··· Collected material
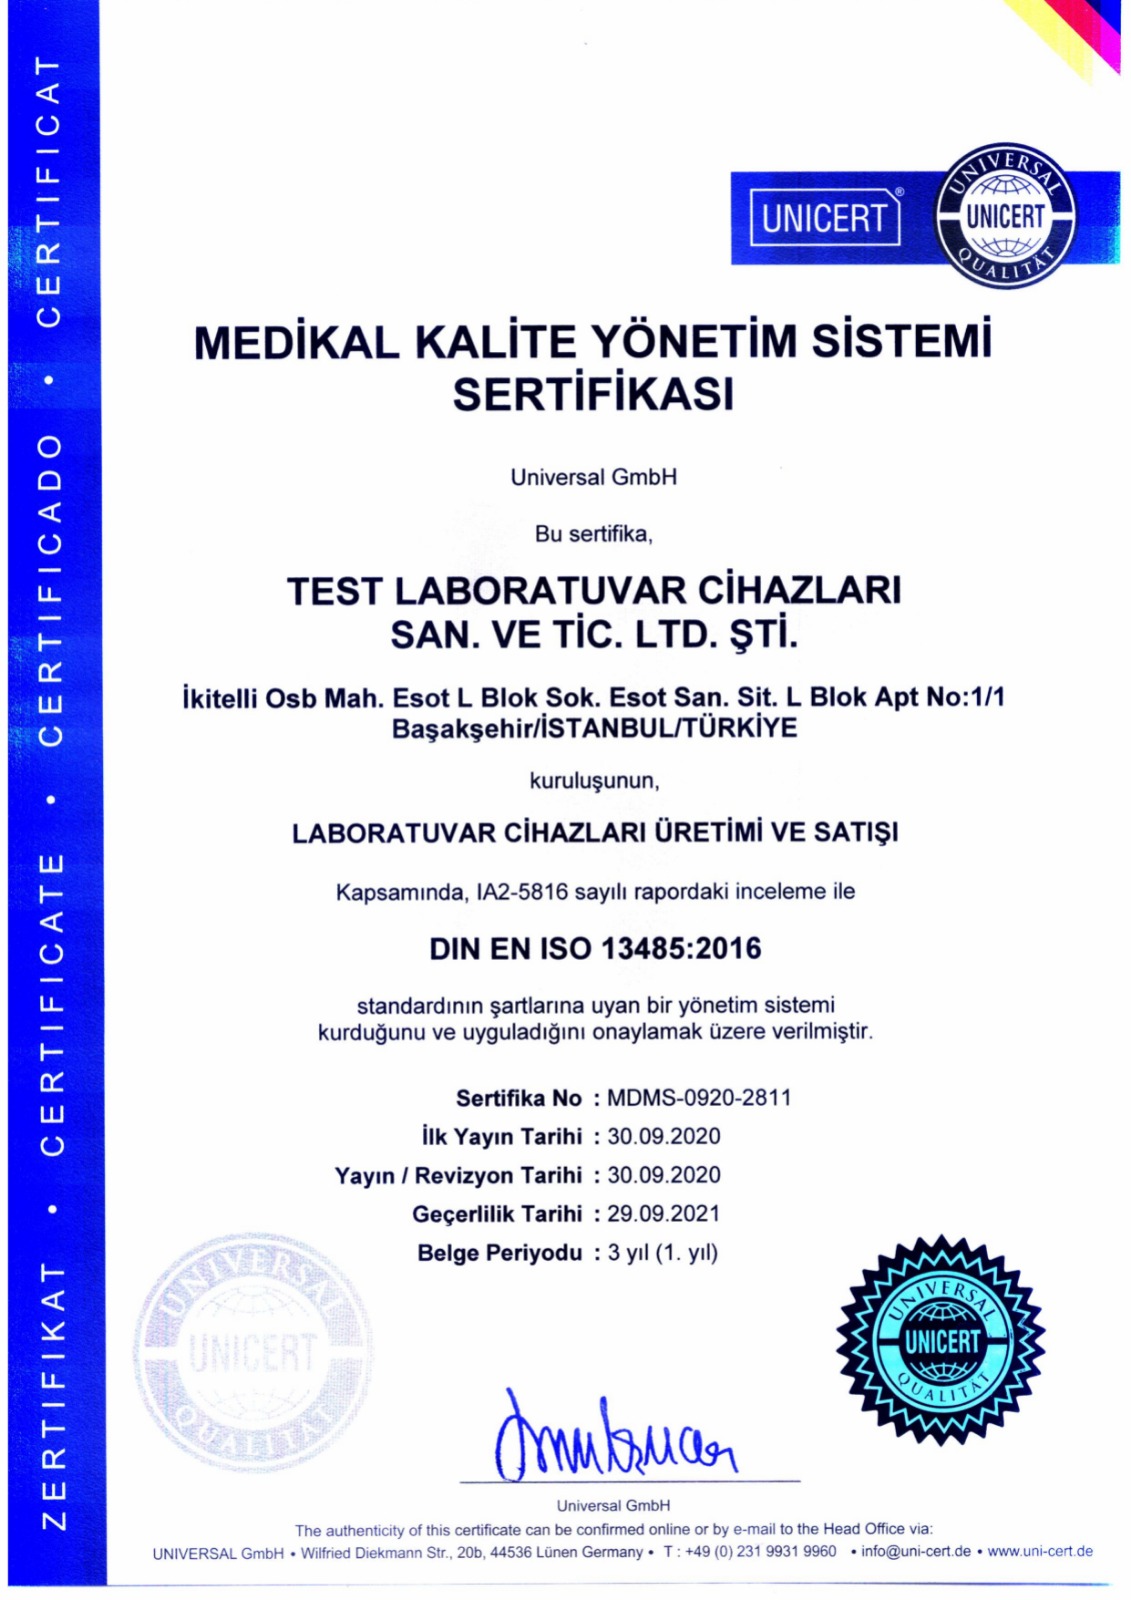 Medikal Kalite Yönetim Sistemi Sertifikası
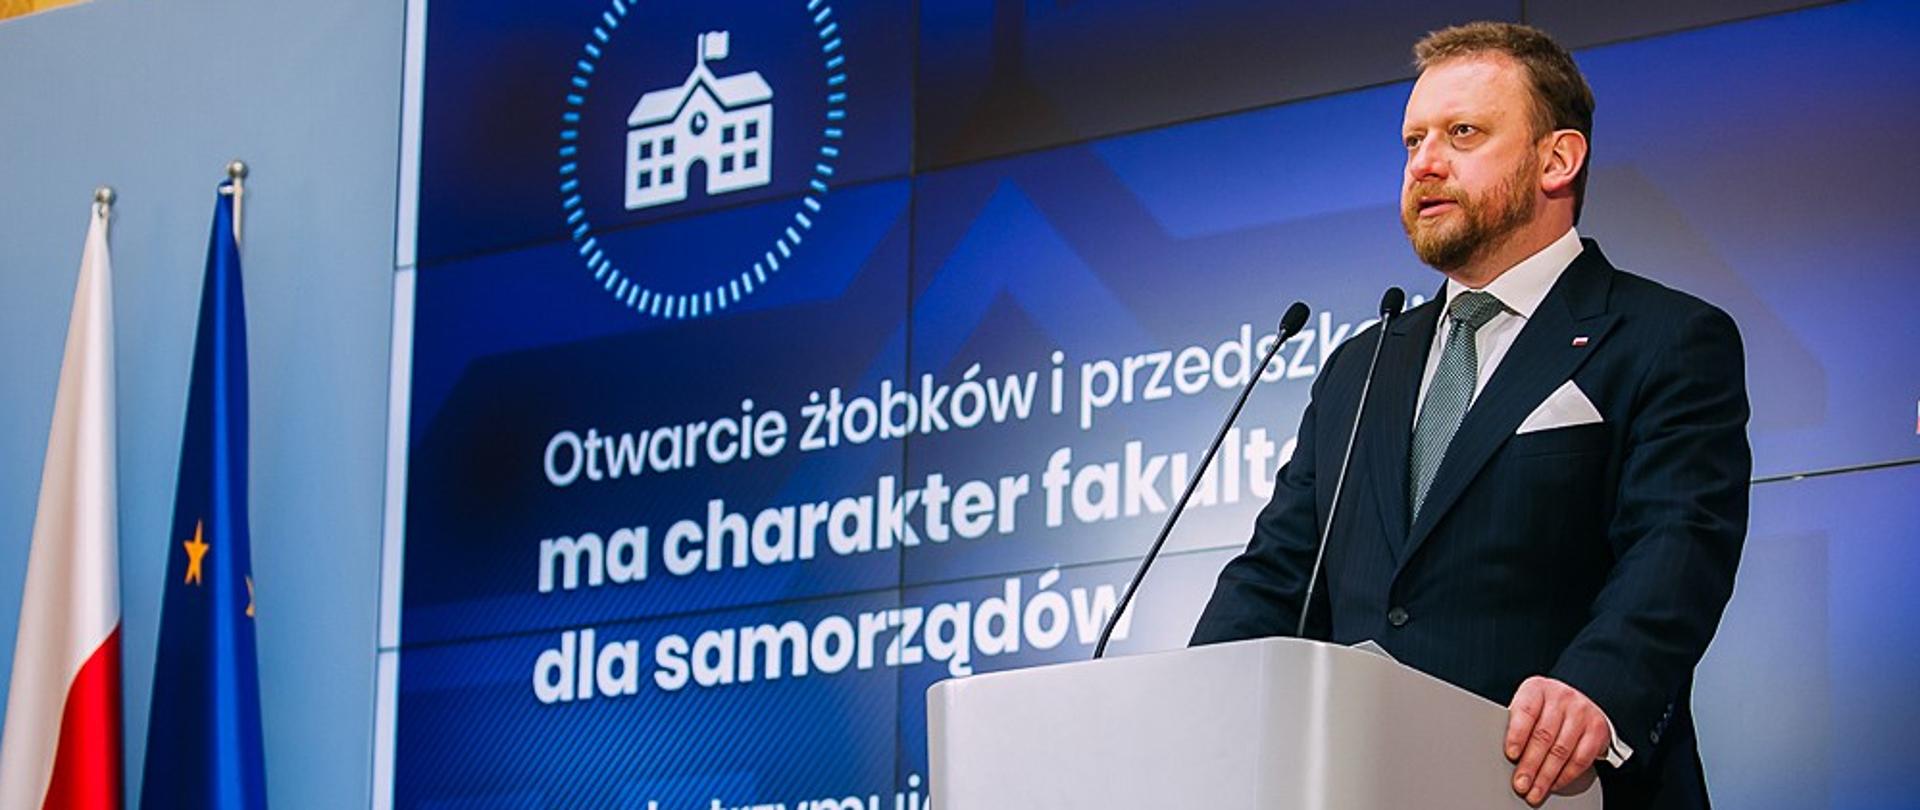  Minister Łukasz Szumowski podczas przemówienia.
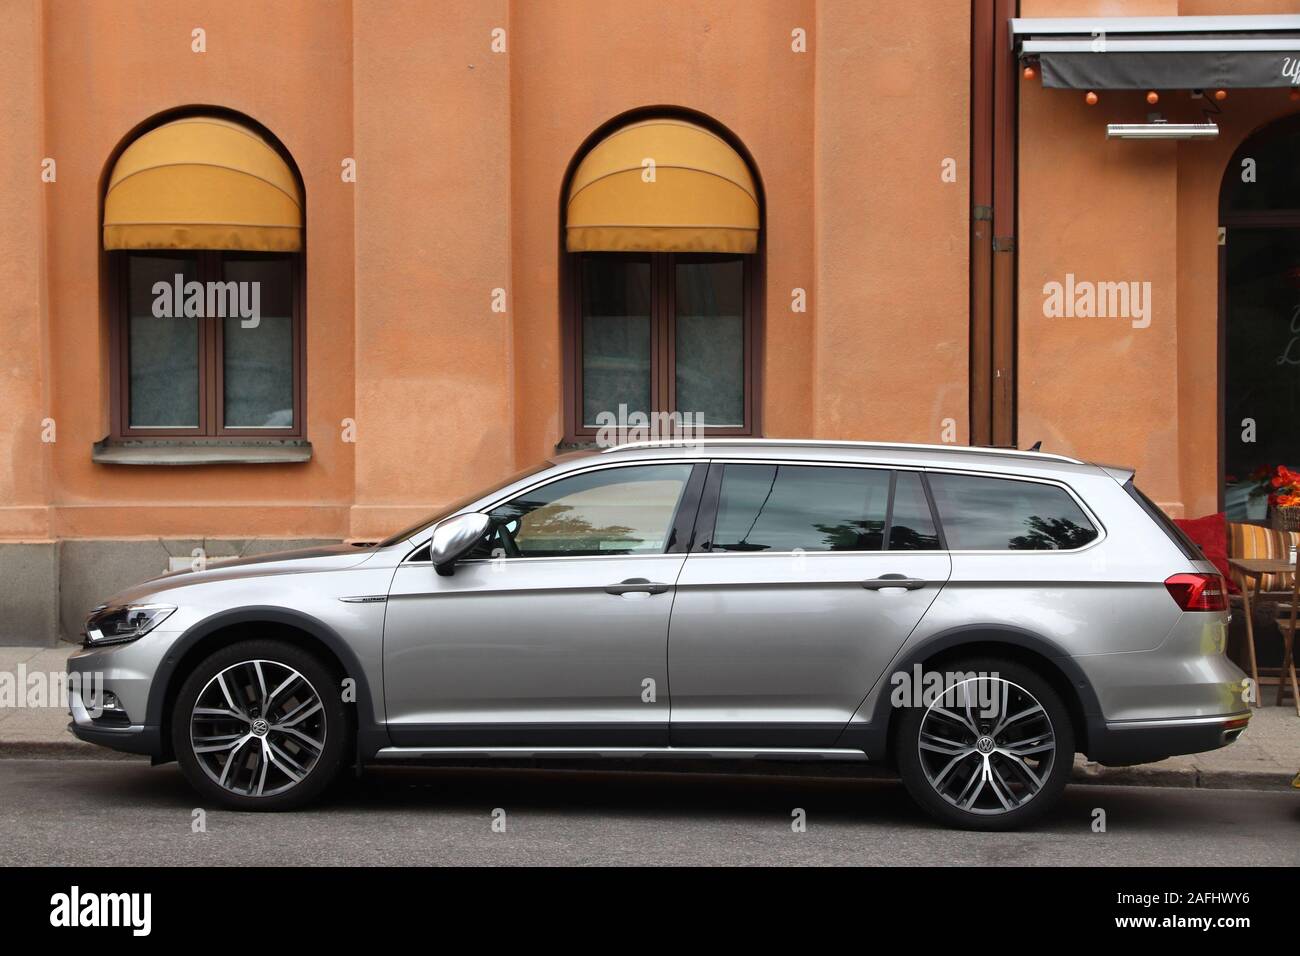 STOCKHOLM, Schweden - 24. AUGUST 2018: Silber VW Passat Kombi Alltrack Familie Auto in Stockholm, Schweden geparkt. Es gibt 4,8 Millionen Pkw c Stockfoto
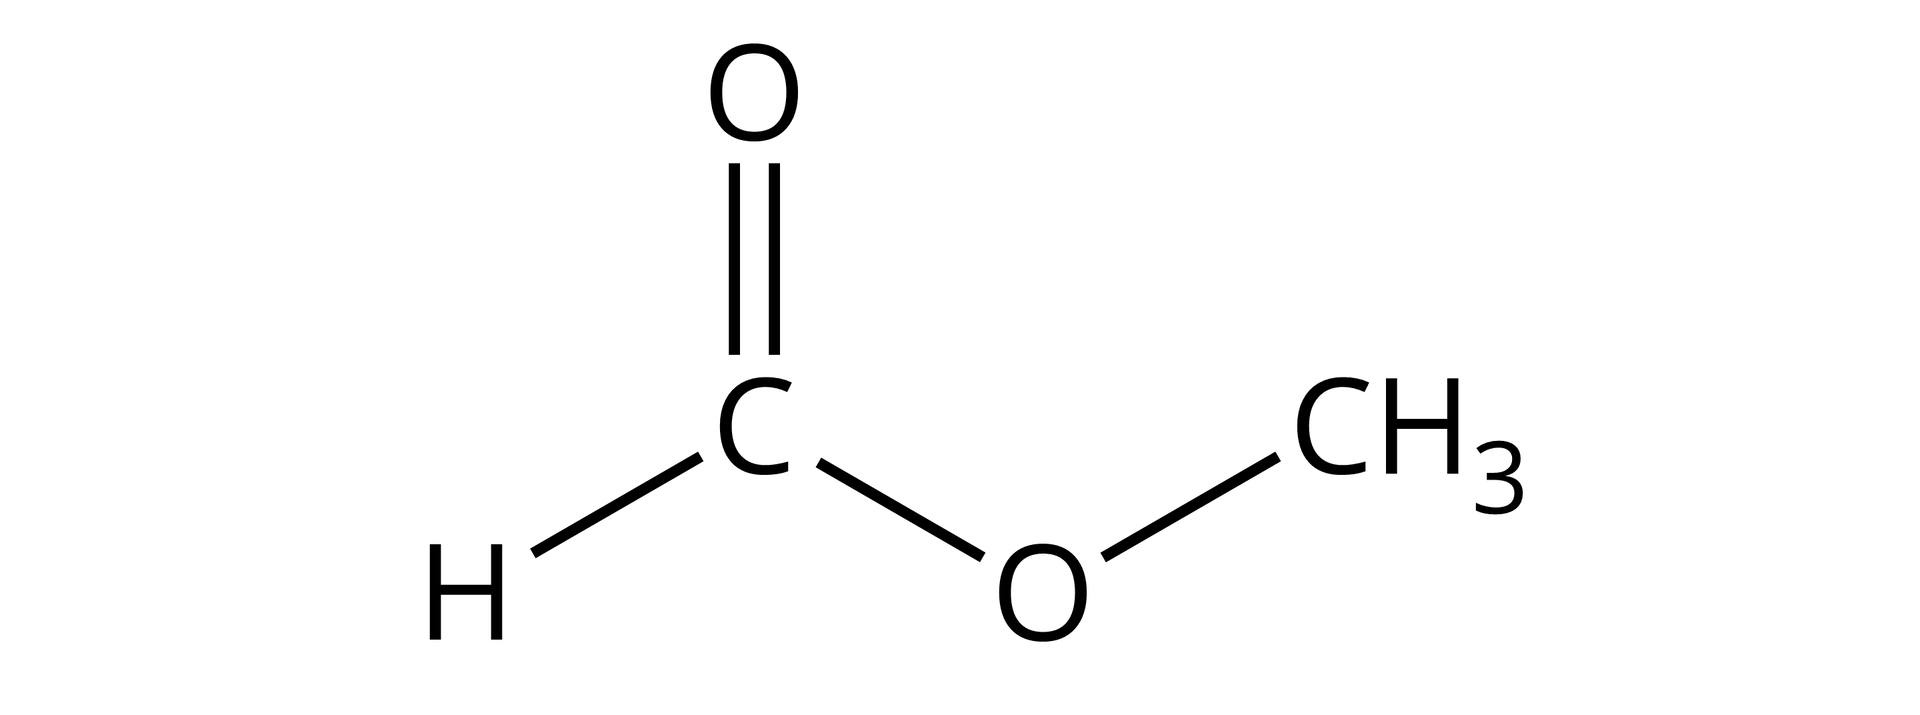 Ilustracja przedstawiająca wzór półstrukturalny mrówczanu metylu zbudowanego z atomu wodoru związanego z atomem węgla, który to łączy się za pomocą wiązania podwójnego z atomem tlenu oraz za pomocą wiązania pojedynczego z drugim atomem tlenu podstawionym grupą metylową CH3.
······
When repeating the listing, keep each line exact and exclude the pictures.

■ Result below
 Medikal Kalite Yönetim Sistemi Sertifikası
  Minister Łukasz Szumowski podczas przemówienia.
 STOCKHOLM, Schweden - 24. AUGUST 2018: Silber VW Passat Kombi Alltrack Familie Auto in Stockholm, Schweden geparkt. Es gibt 4,8 Millionen Pkw c Stockfoto
 Ilustracja przedstawiająca wzór półstrukturalny mrówczanu metylu zbudowanego z atomu wodoru związanego z atomem węgla, który to łączy się za pomocą wiązania podwójnego z atomem tlenu oraz za pomocą wiązania pojedynczego z drugim atomem tlenu podstawionym grupą metylową CH3.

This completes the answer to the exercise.